The project will also include a survey of service providers and organizations across Chicago who serve low-income communities, as well as an analysis of the public policies that determine these organizations’ capabilities.

“(These organizations) are the missing link between people’s larger social environment and the disadvantages that they face on the one hand and their abilities to manage their health on the other,” Hayes said.

According to the Web site of the National Science Foundation, which presented Hayes with the Faculty Early Career Development award, recipients are “junior faculty who exemplify the role of teacher-scholars through outstanding research, excellent education and the integration of education and research within the context of the mission of their organizations.”

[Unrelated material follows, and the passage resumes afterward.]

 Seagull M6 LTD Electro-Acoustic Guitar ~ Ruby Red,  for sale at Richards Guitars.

The Johnson Foundation uses similar criteria, awarding grants to individuals whose projects “seek to improve the health and health care” of Americans, according to its Web site.

In addition to her research, Hayes is known as a dedicated professor who takes the time to connect with her undergraduate students.

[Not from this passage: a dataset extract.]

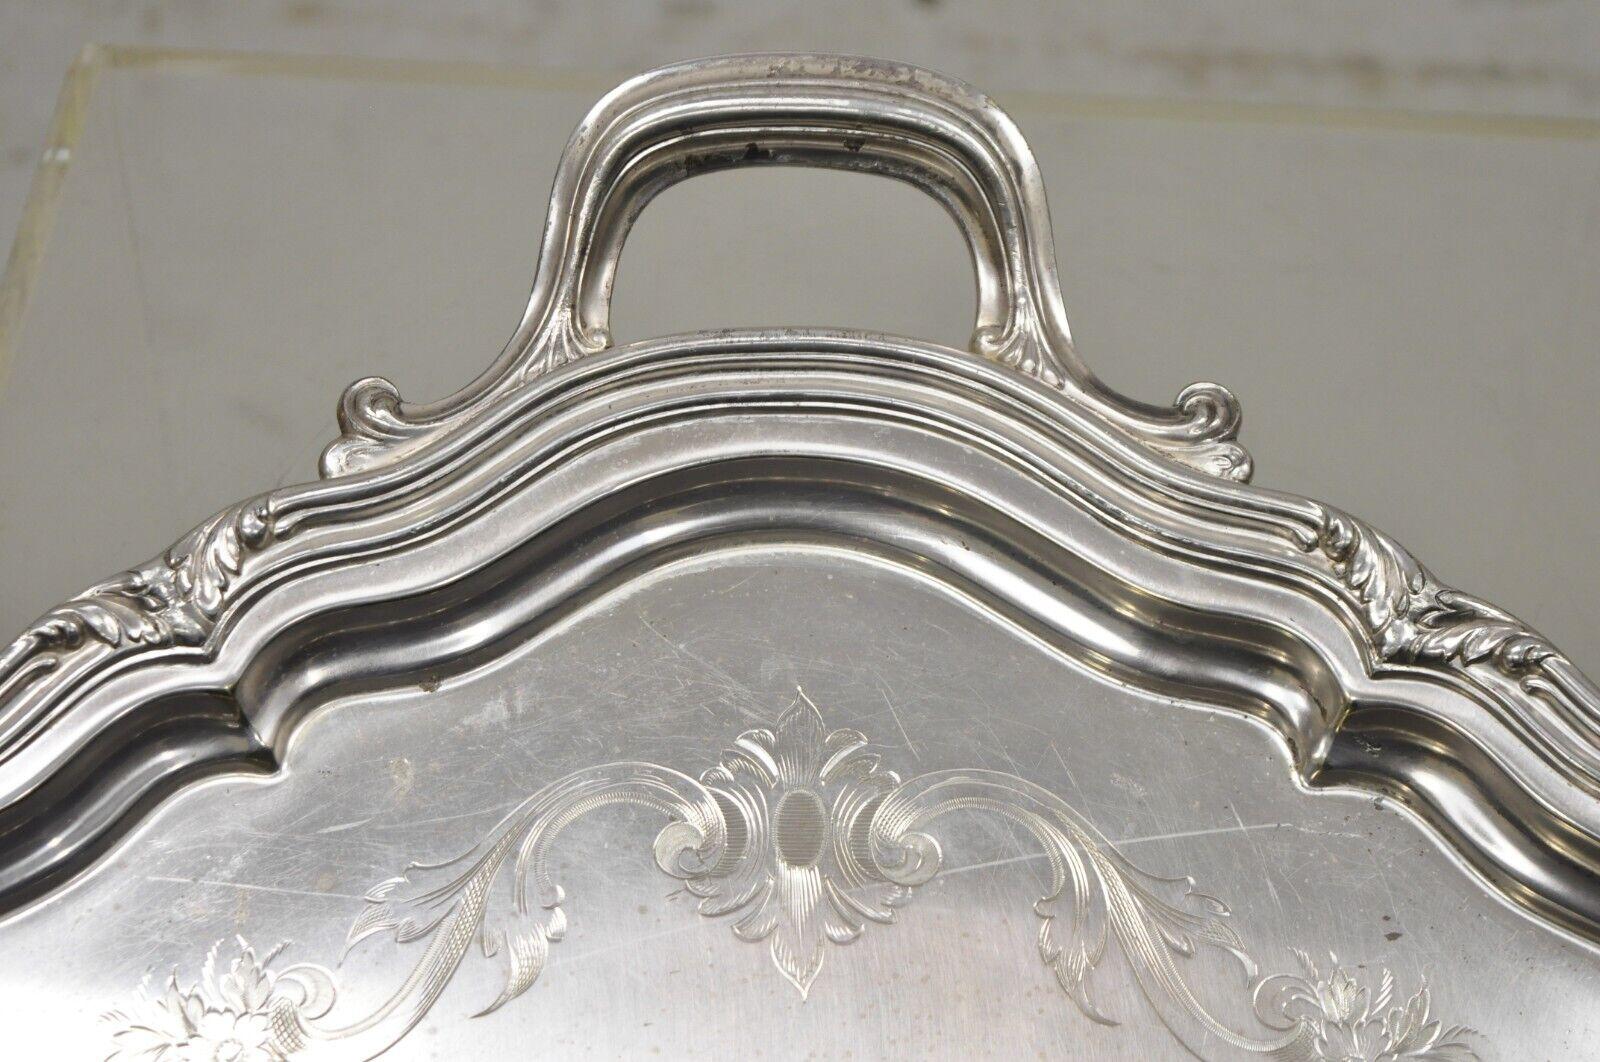 20th Century Antique Reed & Barton EPNS 06143 Silver Plated Handle Tray Serving Platter

“She is so passionate about sociology, and you can tell that she is really interested in the questions she is asking,” said Sarah Freeman, who took Hayes’ 100-student class on “Race, Class and Power” last Winter Quarter. “She makes students want to engage in the class and helps take the awkwardness out of discussing certain topics like race.”

While enrolled in the class, Freeman, a Weinberg sophomore, went to Hayes’ office hours to get to know her better.

“I sat down and she started asking me questions about myself and how I liked her class and what my plans were before we even got to the reason why I came to see her,” she said. “She talked to me as more of an adviser-type figure than the high professor that she is.”

So far, Hayes has hired and trained her team, and is preparing to begin the field work.

Many people who work with Hayes are excited for her, said Darlene Clark Hines, chairwoman of the Department of African American Studies.

“My colleagues and I are absolutely thrilled with the success that Celeste Watkins-Hayes has achieved,” she said. “We are simply overjoyed and we agree that she is a brilliant sociologist and that her work is original and important and exceedingly well-regarded. That she has received this fabulous award is a testament to the excellence that she exemplifies.”[email protected]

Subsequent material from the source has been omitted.